Водитель, стриженный бобриком — как это, впрочем, принято среди водителей, — открыл тяжелую дверцу «Мазерати». Алехин уступил место своему навязчивому спутнику, а сам обошел машину и сел с другой стороны.
— Степа, включи похолоднее, пожалуйста, — попросил он. Алехин терпеть не мог натопленные помещения и предпочитал холод, полагая, что это лучше для головы. — Г-н Липатов, может, мы ограничимся разговором в машине?
— Иннокентий, я бы предпочел более спокойную обстановку, — сказал Липатов, показывая глазами на затылок водителя. — Меня зовут Антон.
— Степа, дай подумать… Большая Никитская… О’кей, мы едем в «Аист».
Ресторан «Аист», ул. Малая Бронная
Алехин и Липатов уселись в глубокие вольтеровские кресла у окна. В воскресный день в ресторане было пусто. Соскучившиеся официанты скопом набросились на редких гостей и принялись менять тщательно сервированный стол.
— Слушайте, юноша, — вскипел Алехин, — всегда хотел спросить. Вы сначала сервируете стол, расставляете тарелки, бокалы, укладываете салфетки. Только сядешь, вы все это сгребаете и приносите что-то другое. Разве нельзя с самого начала расставить это «что-то другое» и просто дать нам меню?
— Простите, так принято — официант растерянно улыбнулся. — Что-нибудь желаете на аперитив?
— Коньяк, Martell Gordon Bleu.

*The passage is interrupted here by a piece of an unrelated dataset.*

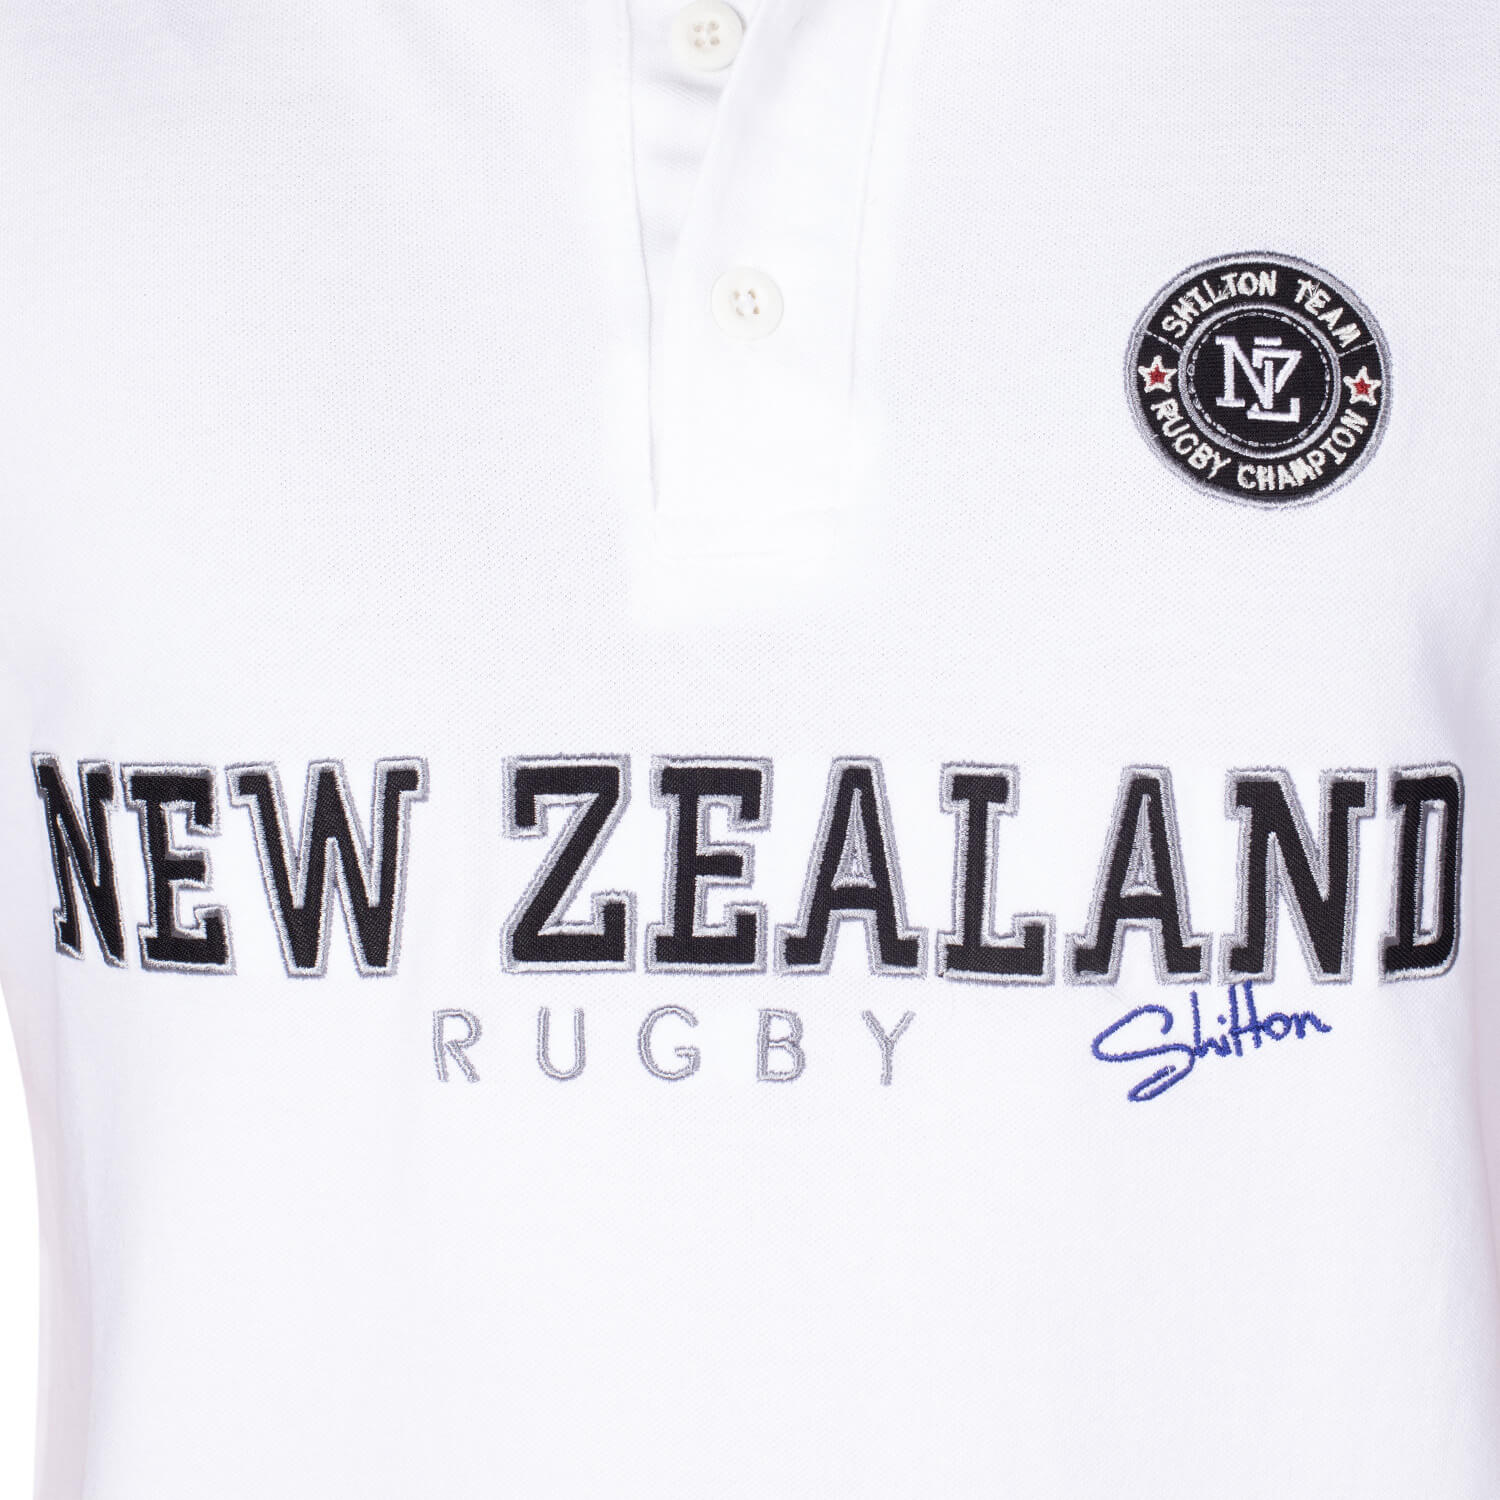 Polo rugby New Zealand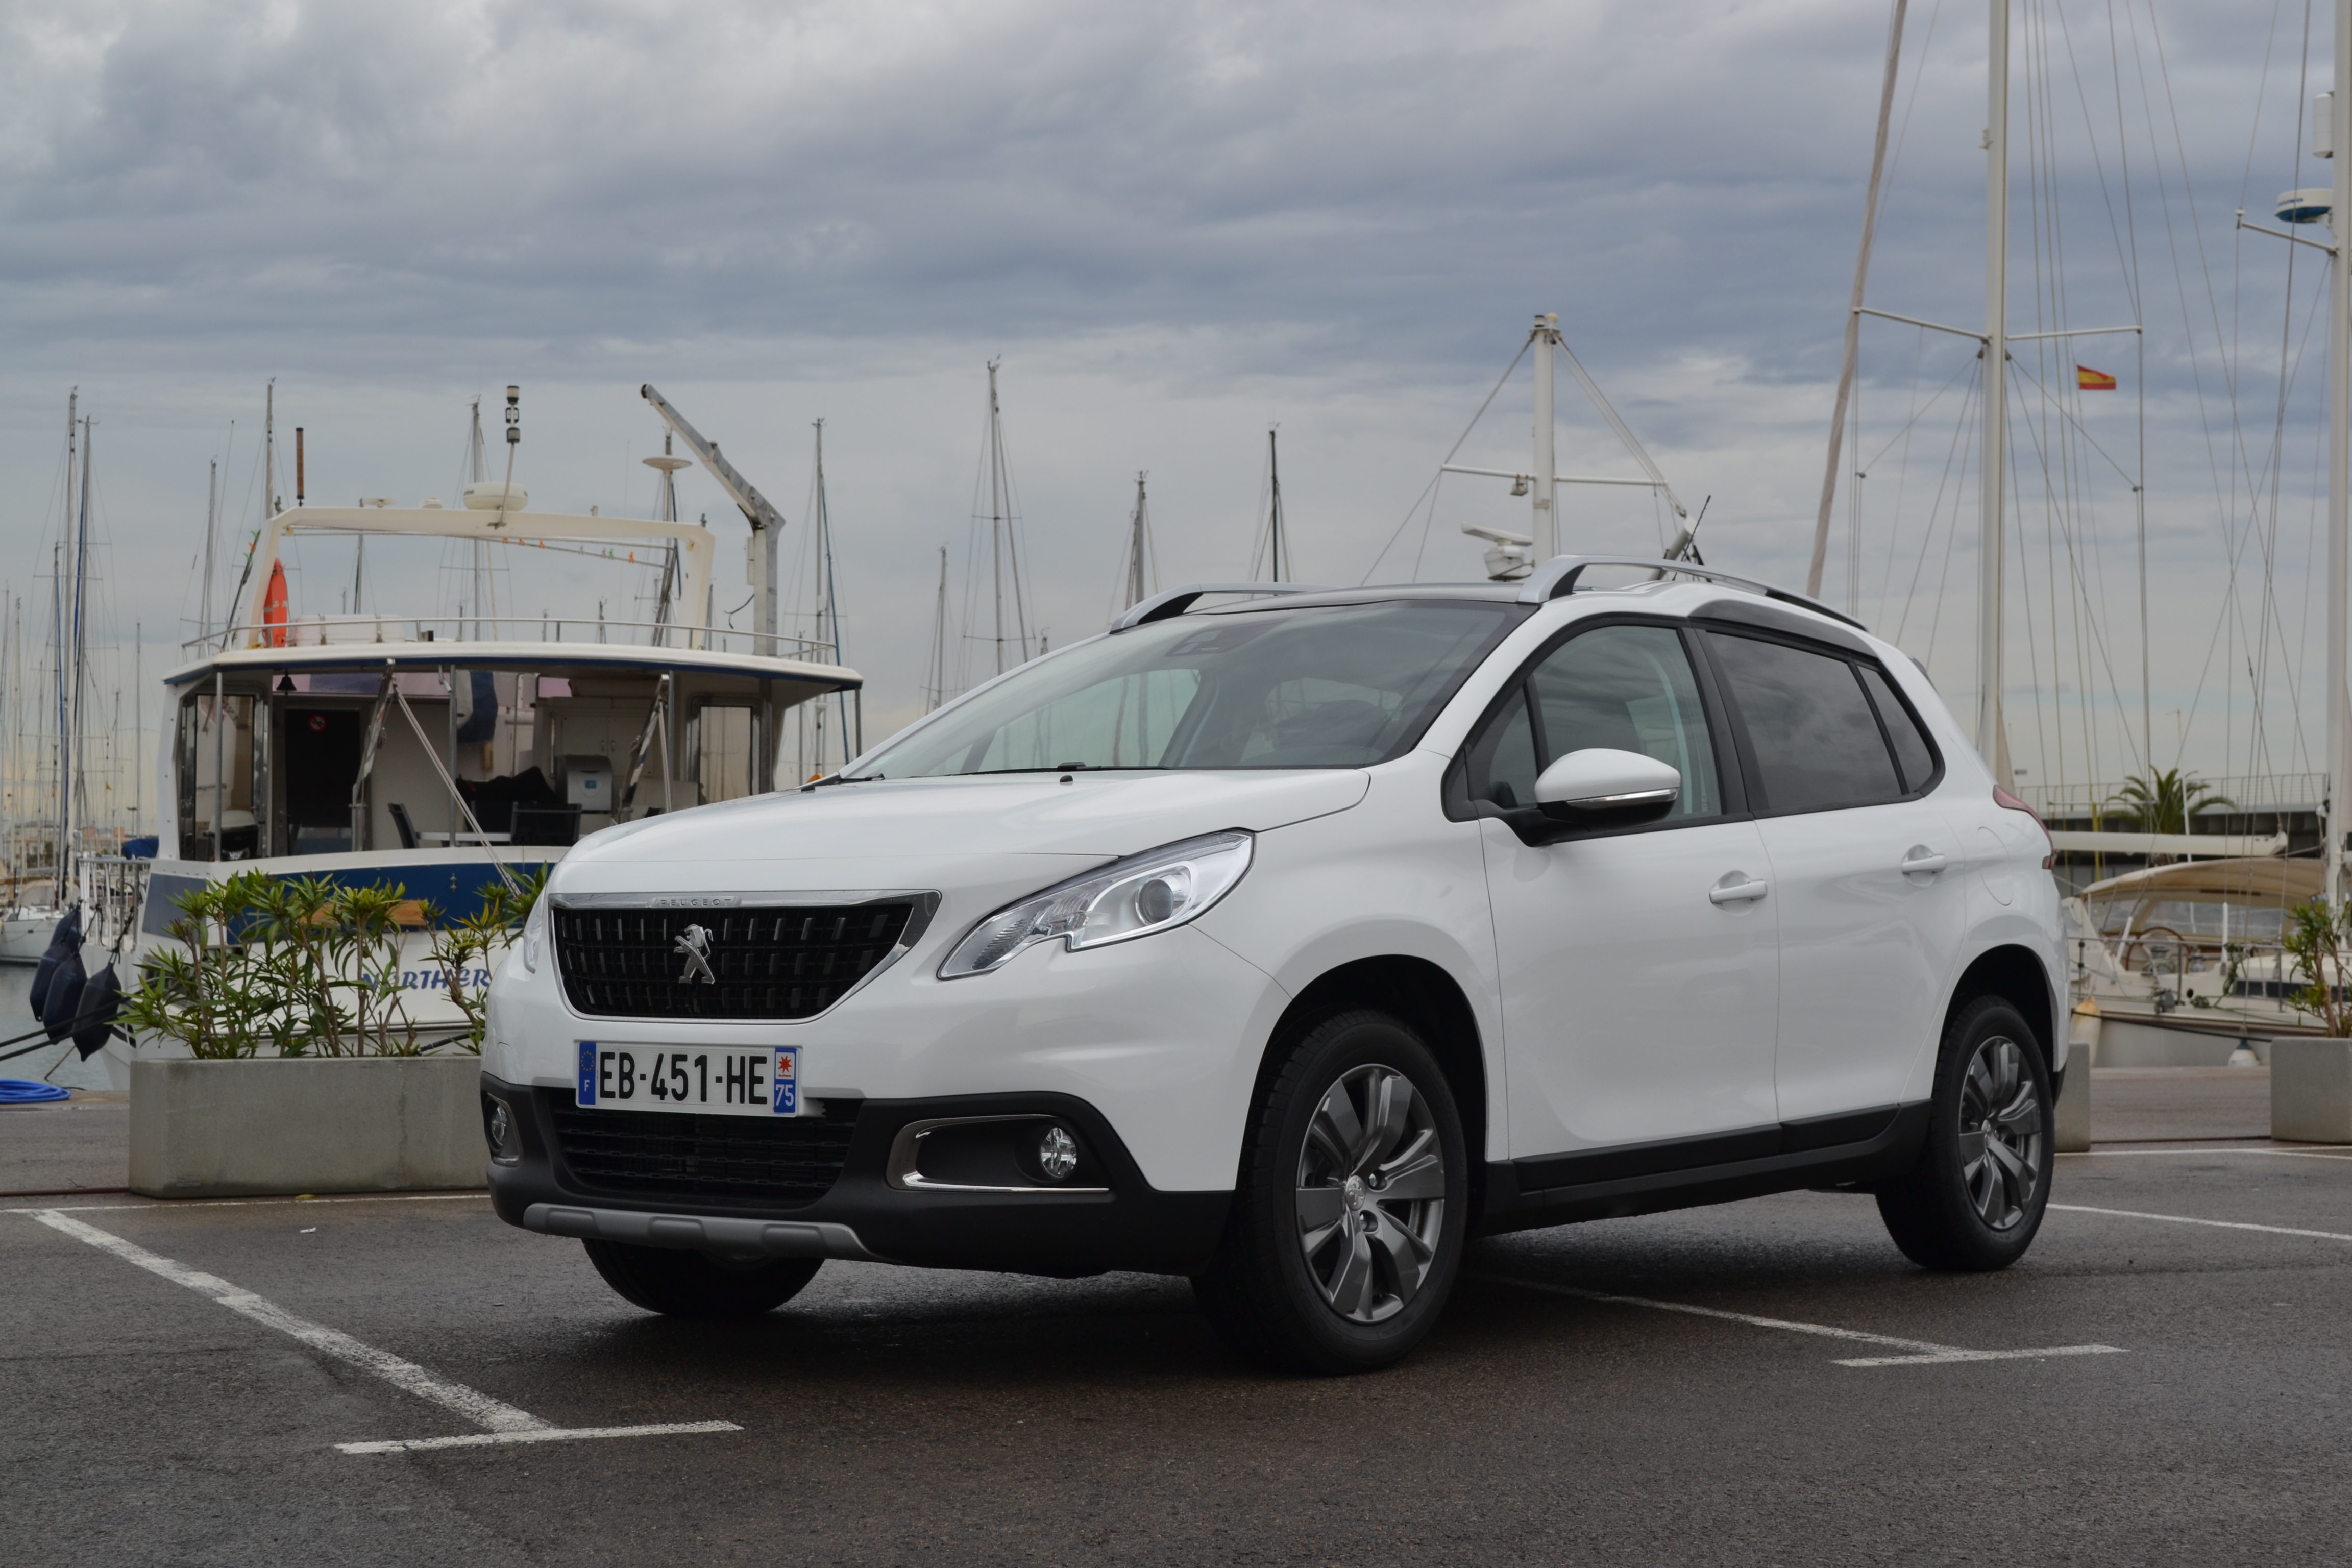 Peugeot, 2008, SUV, SUV compact, essai, testdrive, grip control, restylage, peugeot 2008

Два? Или вы на службе, фельдмаршал?
— Сегодня воскресенье, поэтому я с вами выпью.
Алехин снял очки и закурил. Липатов украдкой взглянул ему в глаза, помолчал, а потом заметил:
— Вижу, что вы это все близко приняли к сердцу.
— Да, я плакал, да, у меня стоит комок в горле, да, я ранимый сентиментальный человек. Филипп был большим умницей. Я его нашел и сделал тем, кем он стал. Теперь его нет.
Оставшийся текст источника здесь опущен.